TASK DETAILS -
Copy each line below exactly and leave the pictures out.

DATA BLOCK -

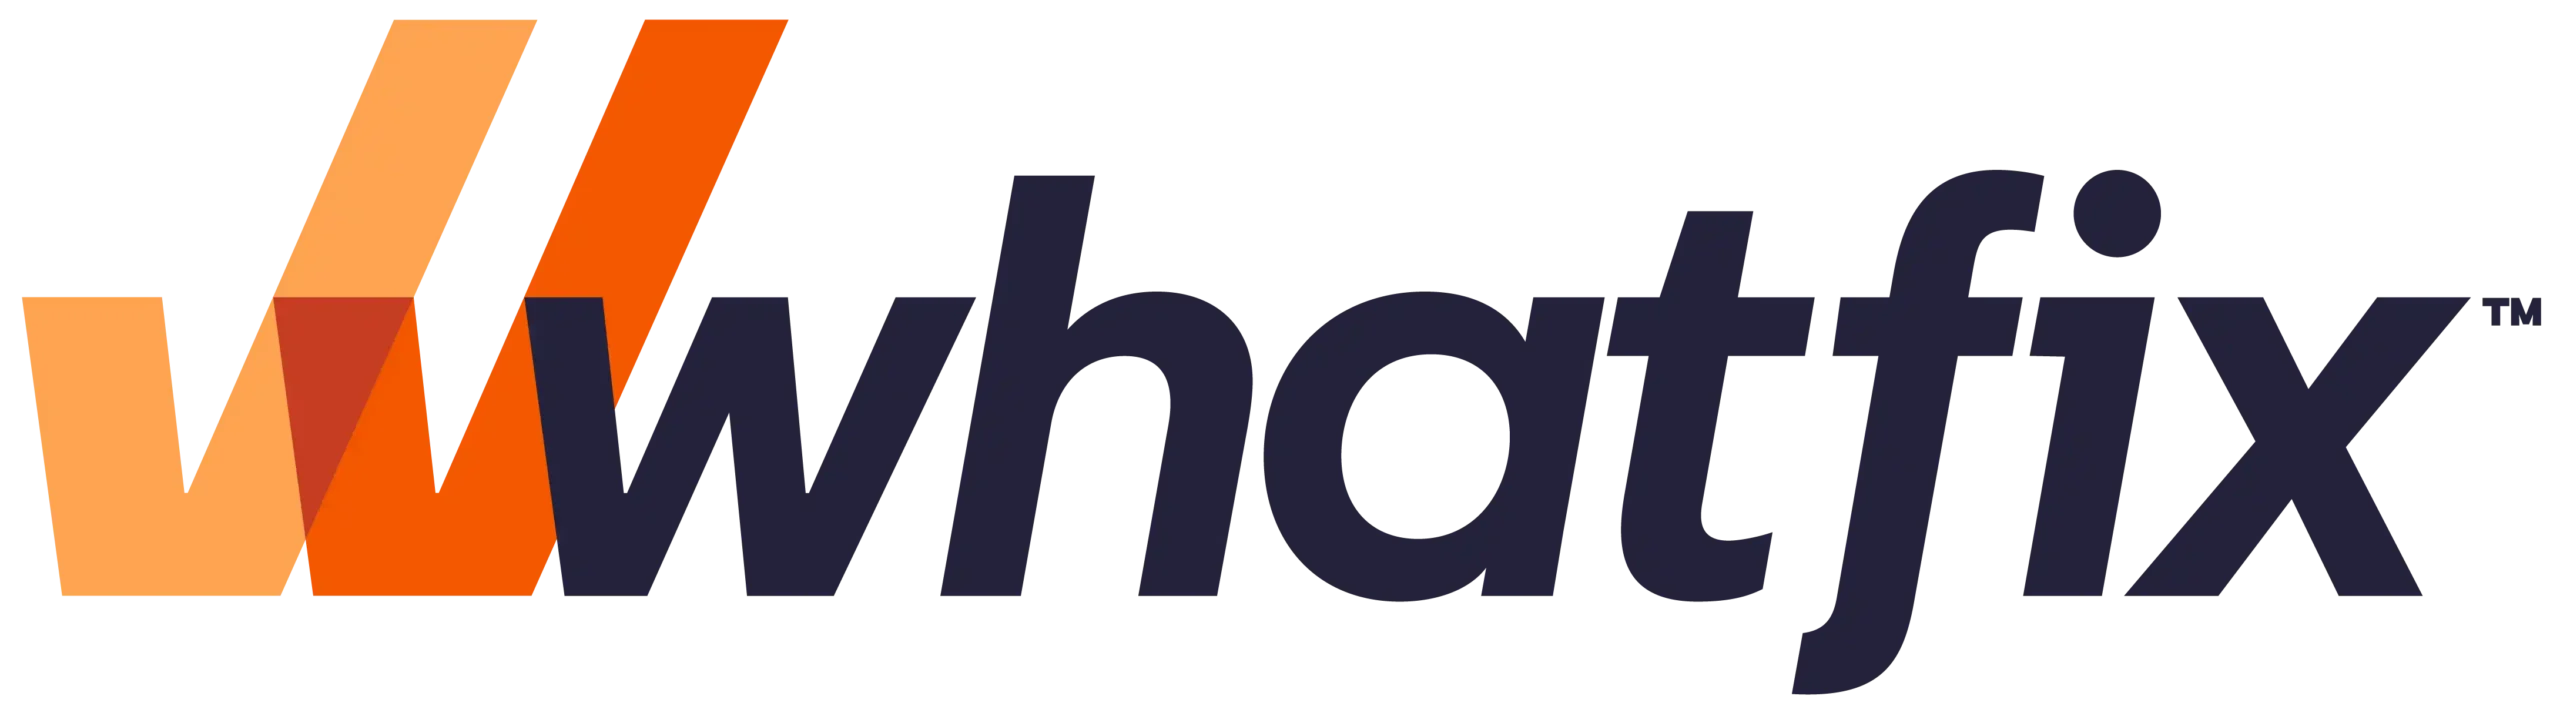 Whatfix-Logo-1
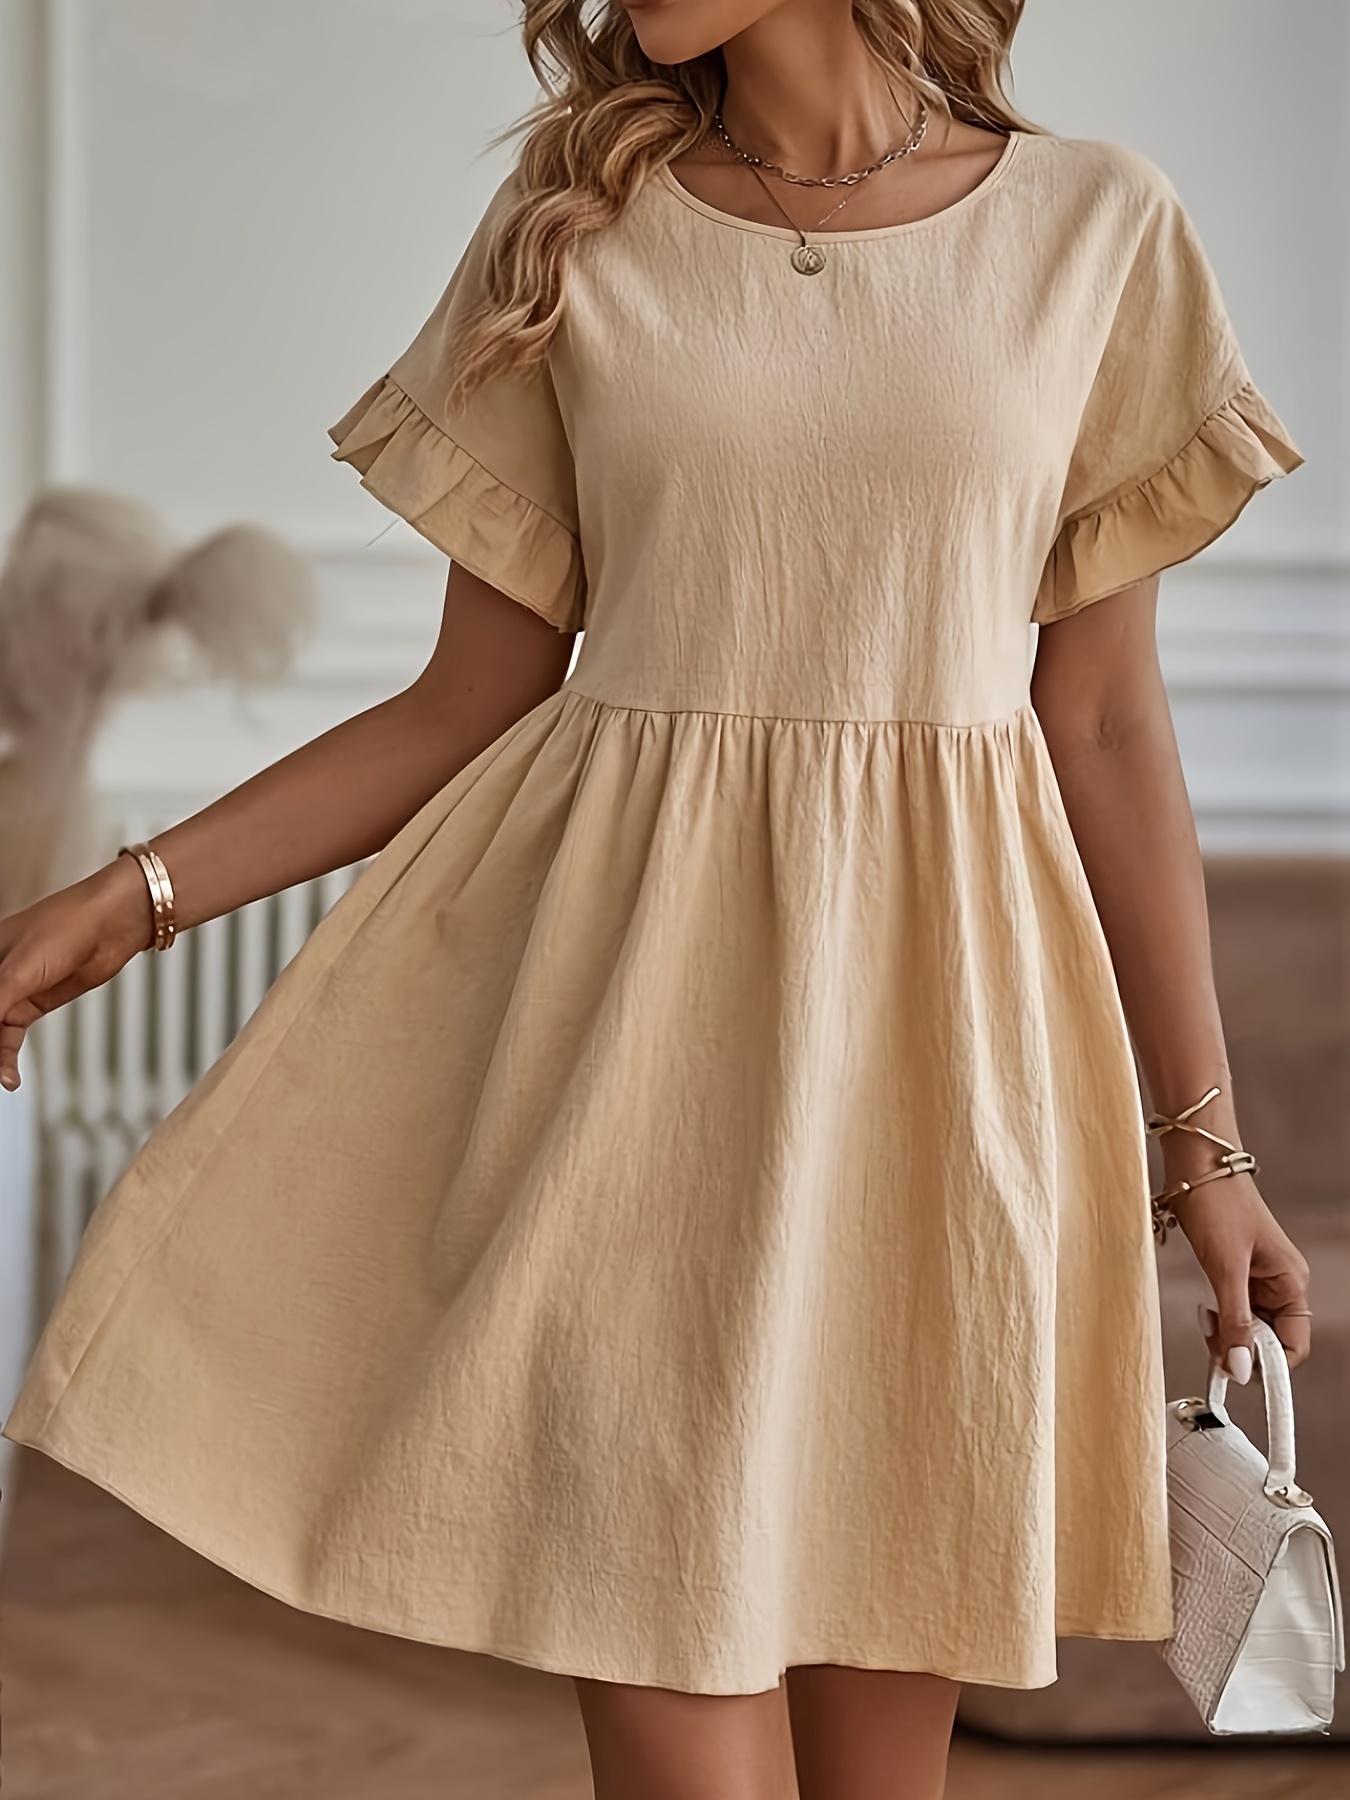 Women's Solid Colour Casual Short Sleeve Mid Length Cotton Linen
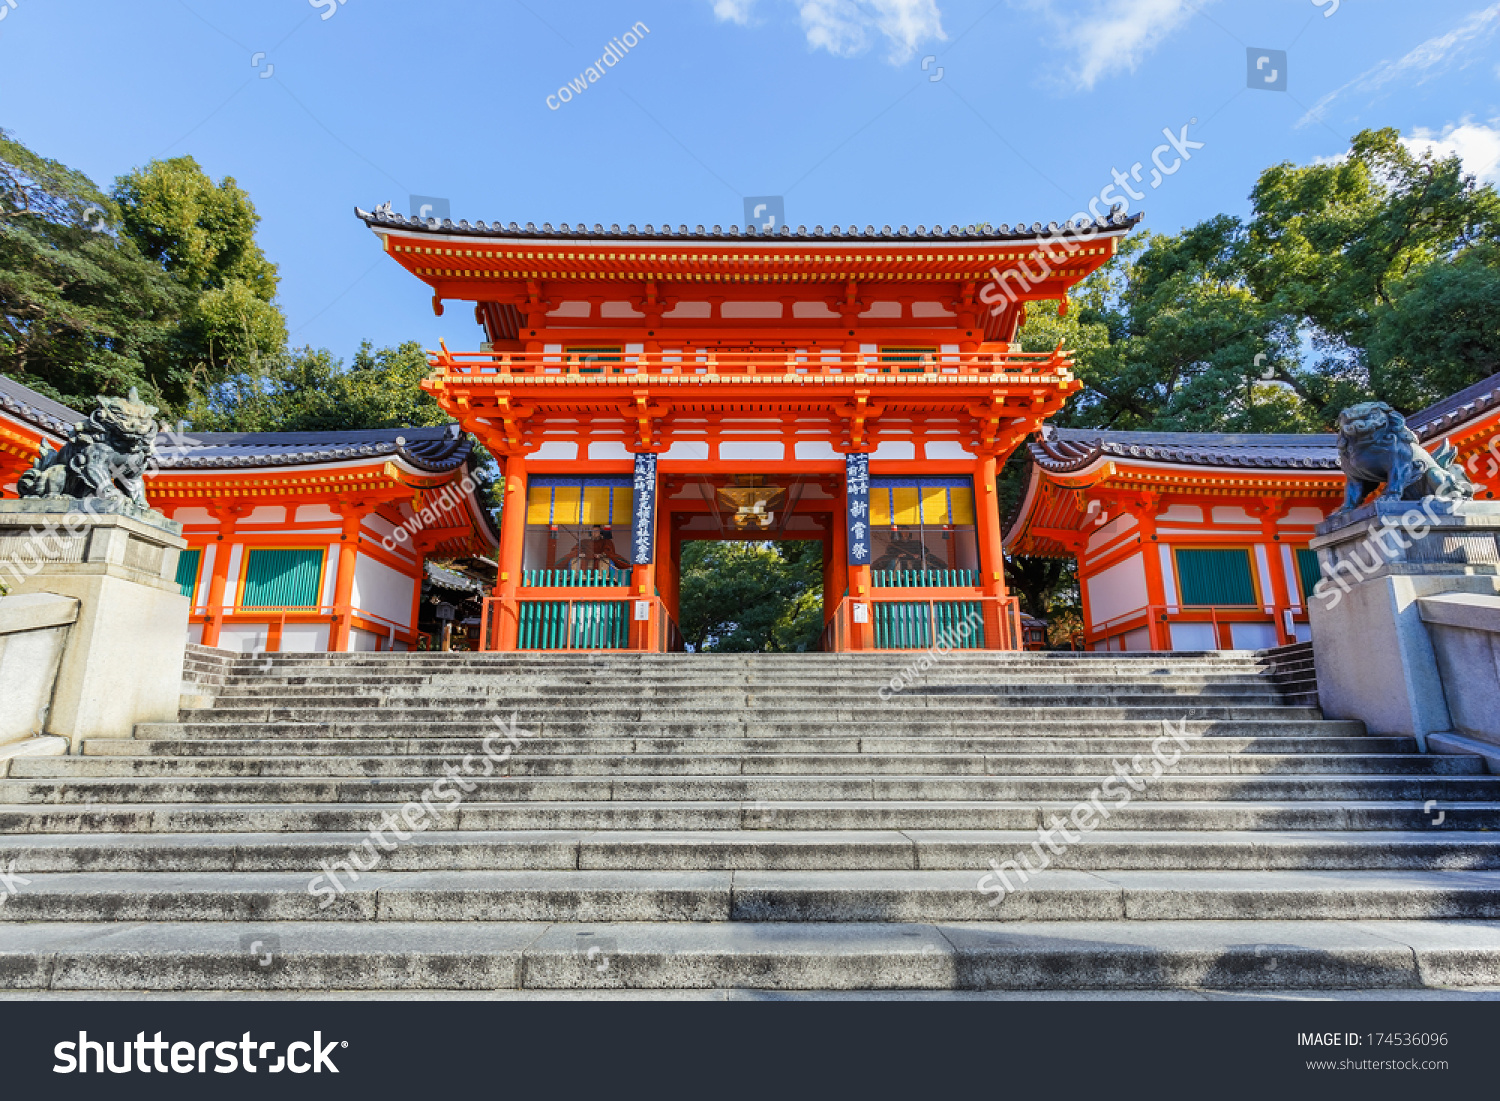 The gate of Yasaka Jinja shrine in Kyoto, Japan #174536096

WORKED SOLUTION -
 Whatfix-Logo-1
 Women's Solid Colour Casual Short Sleeve Mid Length Cotton Linen
 The gate of Yasaka Jinja shrine in Kyoto, Japan #174536096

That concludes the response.